CSSS/POLS 512

class: center, middle, inverse, title-slide

.title[
# CSSS/POLS 512
]
.subtitle[
## Lab 2: Time Series Diagnostics — ACF, PACF, and the Box-Jenkins Method
]
.author[
### Ramses Llobet
]
.date[
### Spring 2026
]

---

# Today's Plan

.pull-left[
**Part 1: Building Up a Time Series**
- What components can a time series have?
- Building the composite equation step by step
- Simulations for each component

**Part 2: ACF/PACF & "Guess the Process"**
- ACF/PACF as diagnostic tools
- The identification table
- Interactive: identify 9 unknown series
]

.pull-right[
**Part 3: Stationarity Tests & Residual Diagnostics**
- ADF, KPSS: what they test and when to use them
- Ljung-Box and Jarque-Bera
- Estimation and model comparison

**Part 4: Practice**
- Diagnose 6 mystery series using Box-Jenkins
- ~20 minutes hands-on
]

---
class: inverse, center, middle

# Part 1: Building Up a Time Series

---

# The Big Picture

Most time series can be decomposed into a combination of recognizable components:

`$$y_t = \underbrace{\beta_0}_\text{level} + \underbrace{\beta_1 t}_\text{trend} + \underbrace{S_t}_\text{seasonal} + \underbrace{\phi_1 y_{t-1}}_\text{AR(1)} + \underbrace{\theta_1 \varepsilon_{t-1}}_\text{MA(1)} + \underbrace{\varepsilon_t}_\text{white noise}$$`

Not every series has all of these. The goal of **Box-Jenkins diagnostics** is to determine which components are present and how strong they are.
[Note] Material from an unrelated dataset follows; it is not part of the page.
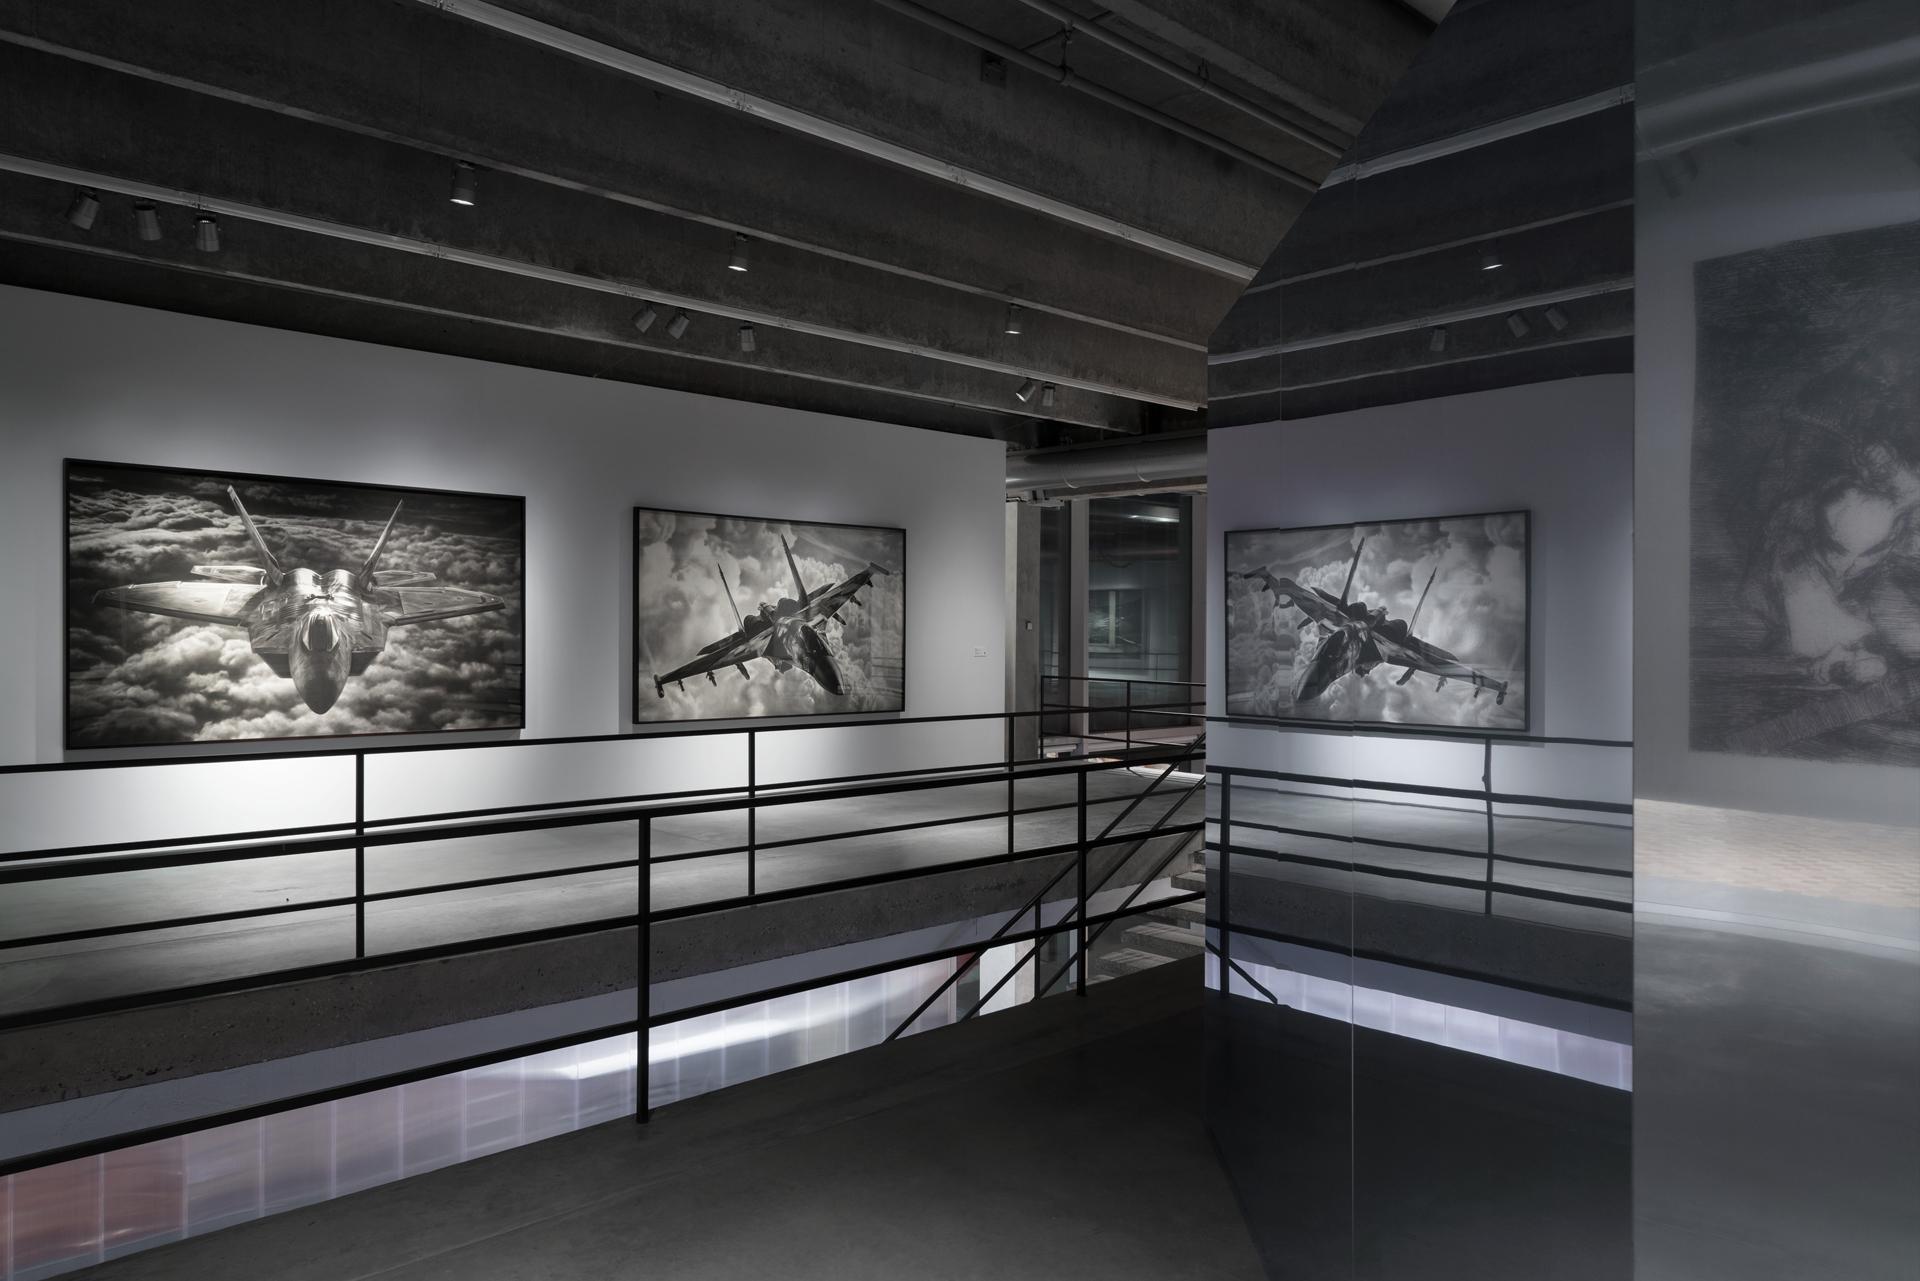 PJC-Light-Studio-Garage-Museum-of-Contemporary-Art-Moscow-Robert-Longo-04W.jpg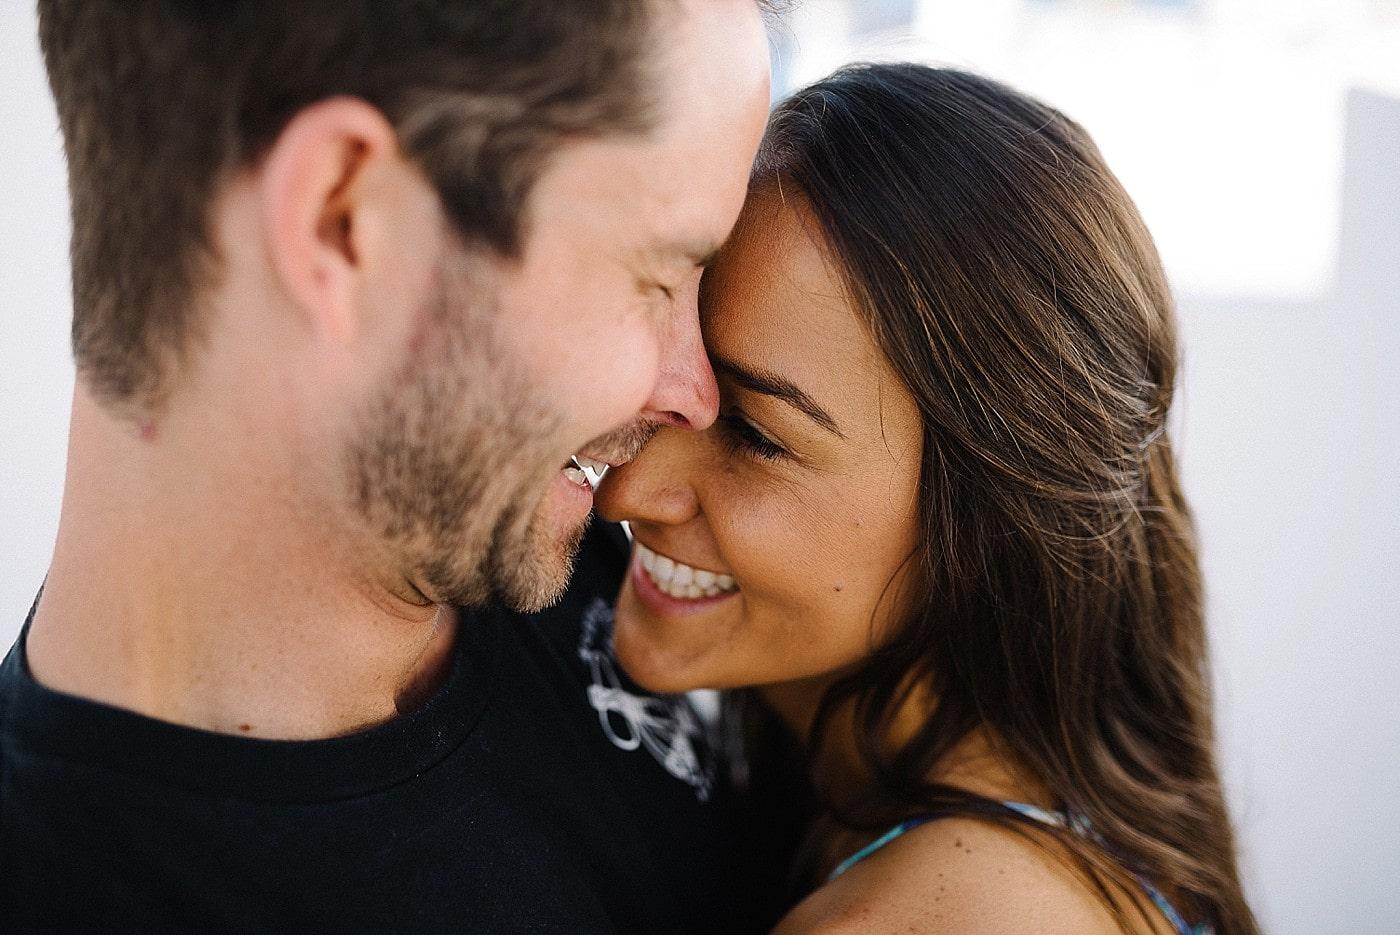 santorini-engagement-photography-elopement-wedding-photographer_0017

The diagnostic order matters: **first** address trend and seasonality, **then** identify AR and MA. Let's build this equation **one component at a time**.

---

# Step 1: Level + White Noise

`$$y_t = \beta_0 + \varepsilon_t, \quad \varepsilon_t \sim N(0, \sigma^2)$$`

The simplest possible time series: a constant mean plus random noise. No memory, no patterns. This is our **null model** — what "no structure" looks like.

.footnote[*Code: `Lab2.Rmd` → Section 1.1 (ts objects) and Section 1.4 (white noise, ACF/PACF, Ljung-Box)*]

---

# Step 2: Add a Trend

`$$y_t = \beta_0 + \color{firebrick}{\beta_1 t} + \varepsilon_t$$`

Now the mean drifts over time. Each period, the expected value increases by `$\beta_1$`. The series fluctuates around a **line**, not a constant.
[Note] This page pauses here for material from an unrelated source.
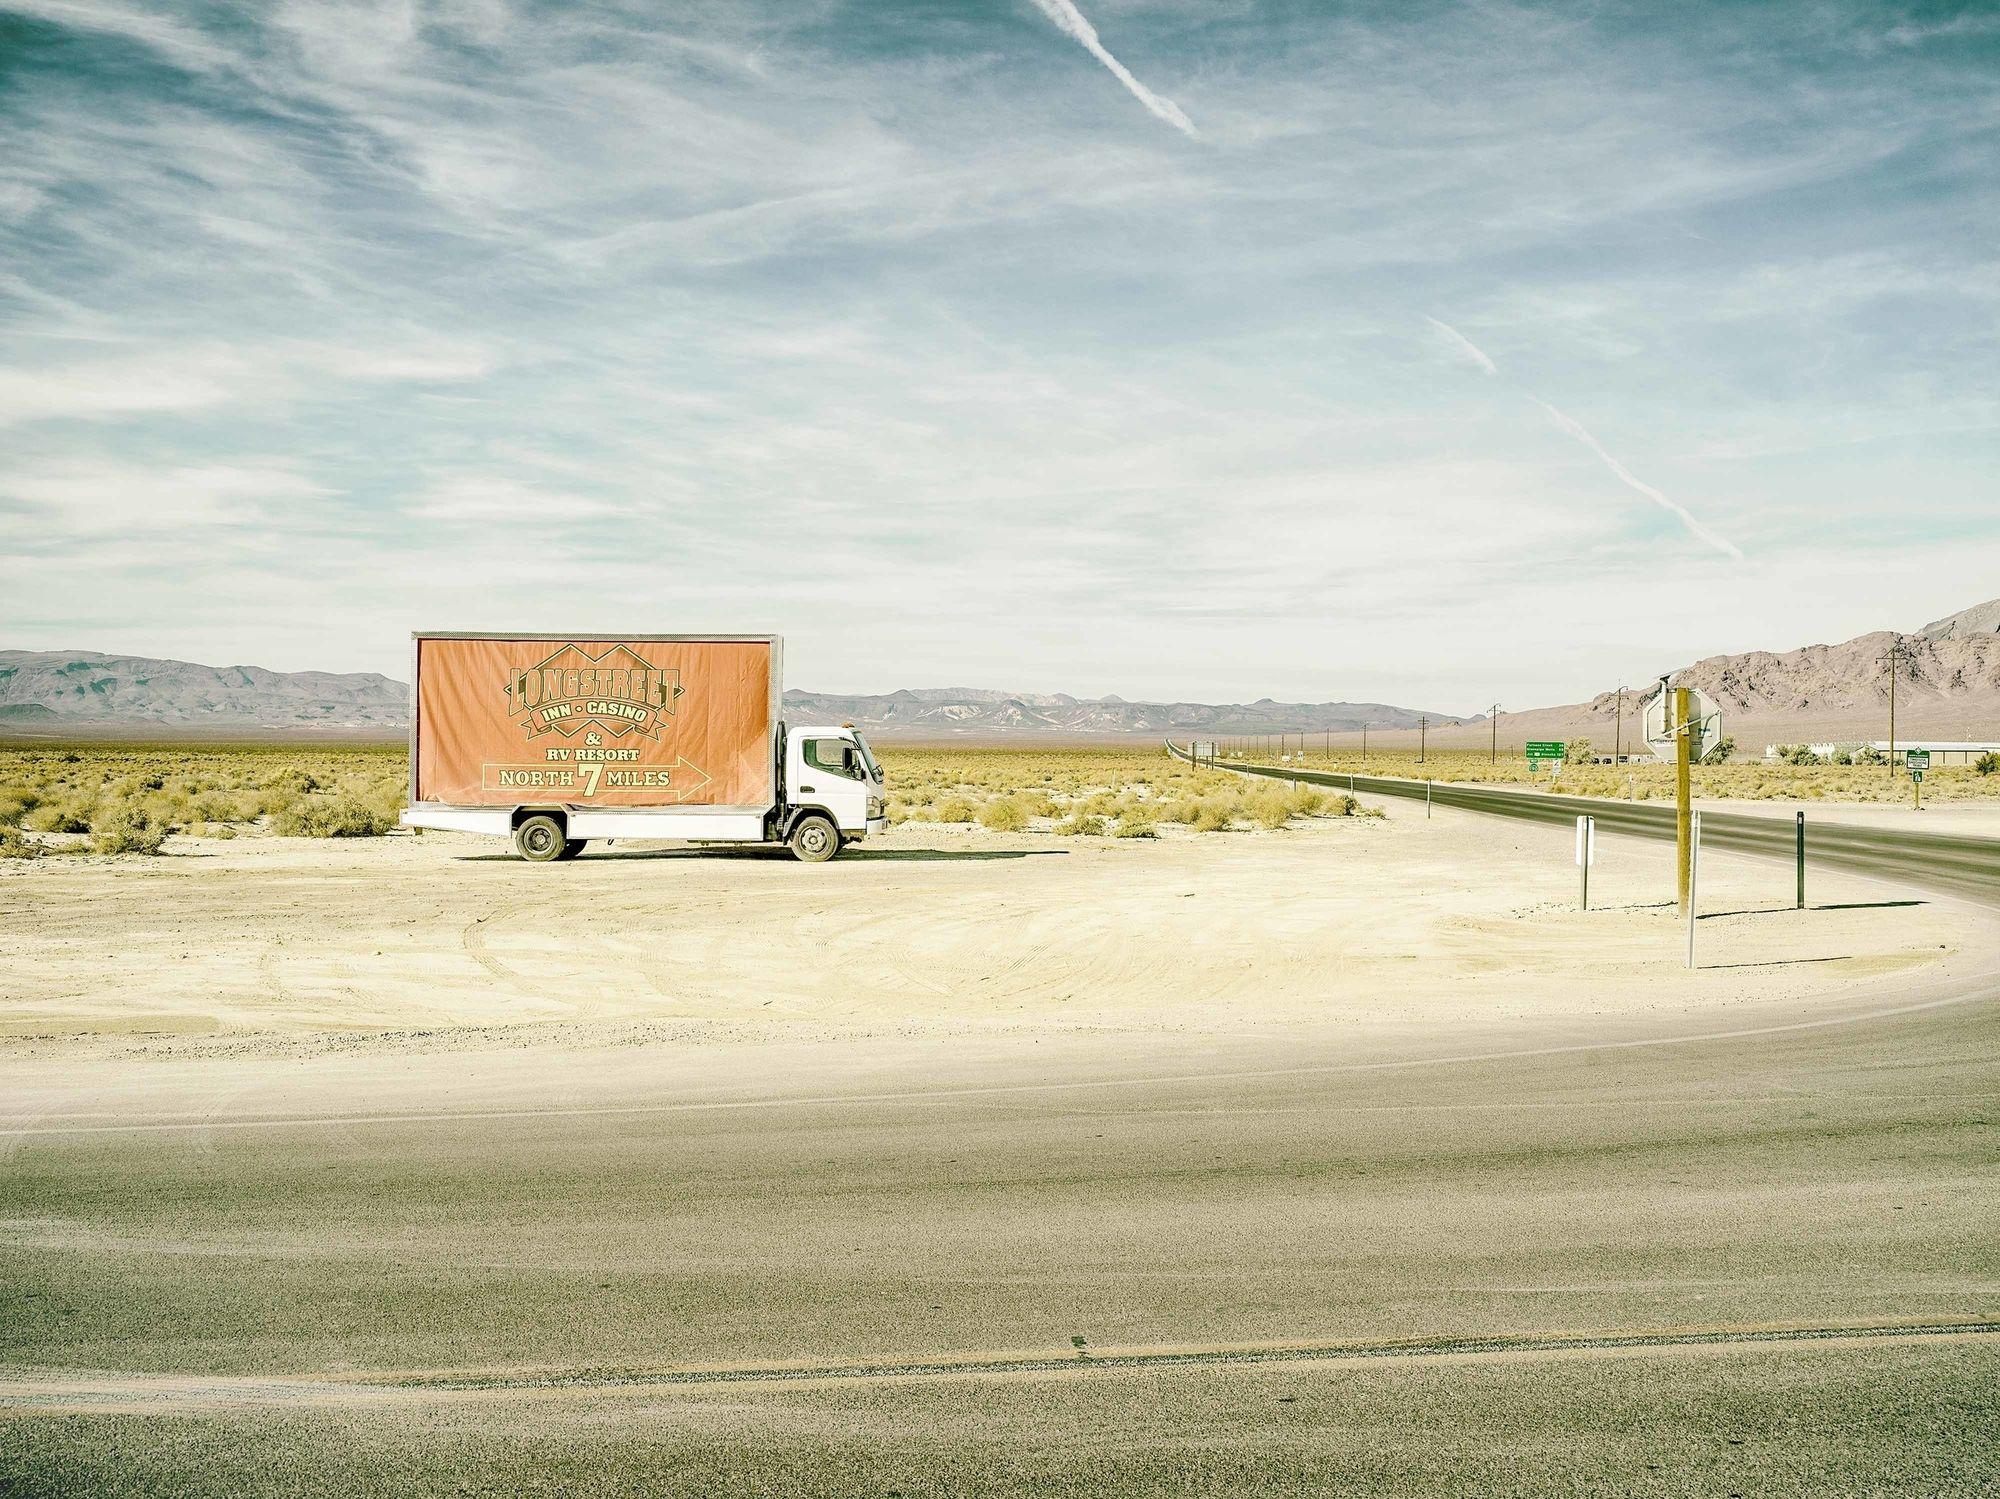 WE! SHOOT IT, American Southwest, by Thomas von Salomon & Michael Compensis

.footnote[*Code: `Lab2.Rmd` → Section 2.1 (deterministic trends, detrending with `lm()`)*]

---

# Step 3: Add Seasonality

`$$y_t = \beta_0 + \beta_1 t + \color{firebrick}{S_t} + \varepsilon_t$$`

A repeating pattern at a fixed period (e.g., 12 months). The series oscillates with a predictable rhythm layered on top of trend and noise.

Trend and seasonality are the **first things to address** — they dominate the ACF and mask the AR/MA structure underneath.

.footnote[*Code: `Lab2.Rmd` → Section 1.3 (STL preview) and Section 2.3 (deseasonalization: STL vs. `lm()` + seasonal means)*]

---

# Step 4: Add Autoregressive Dependence (AR)

`$$y_t = \color{firebrick}{\phi_1 y_{t-1}} + \varepsilon_t, \quad |\phi_1| < 1$$`

Now each observation depends on the **previous value**. The series develops **persistence** — smooth, wandering patterns. High values tend to be followed by high values.

Compare to white noise: the AR(1) series is **smoother** — it "remembers" where it has been.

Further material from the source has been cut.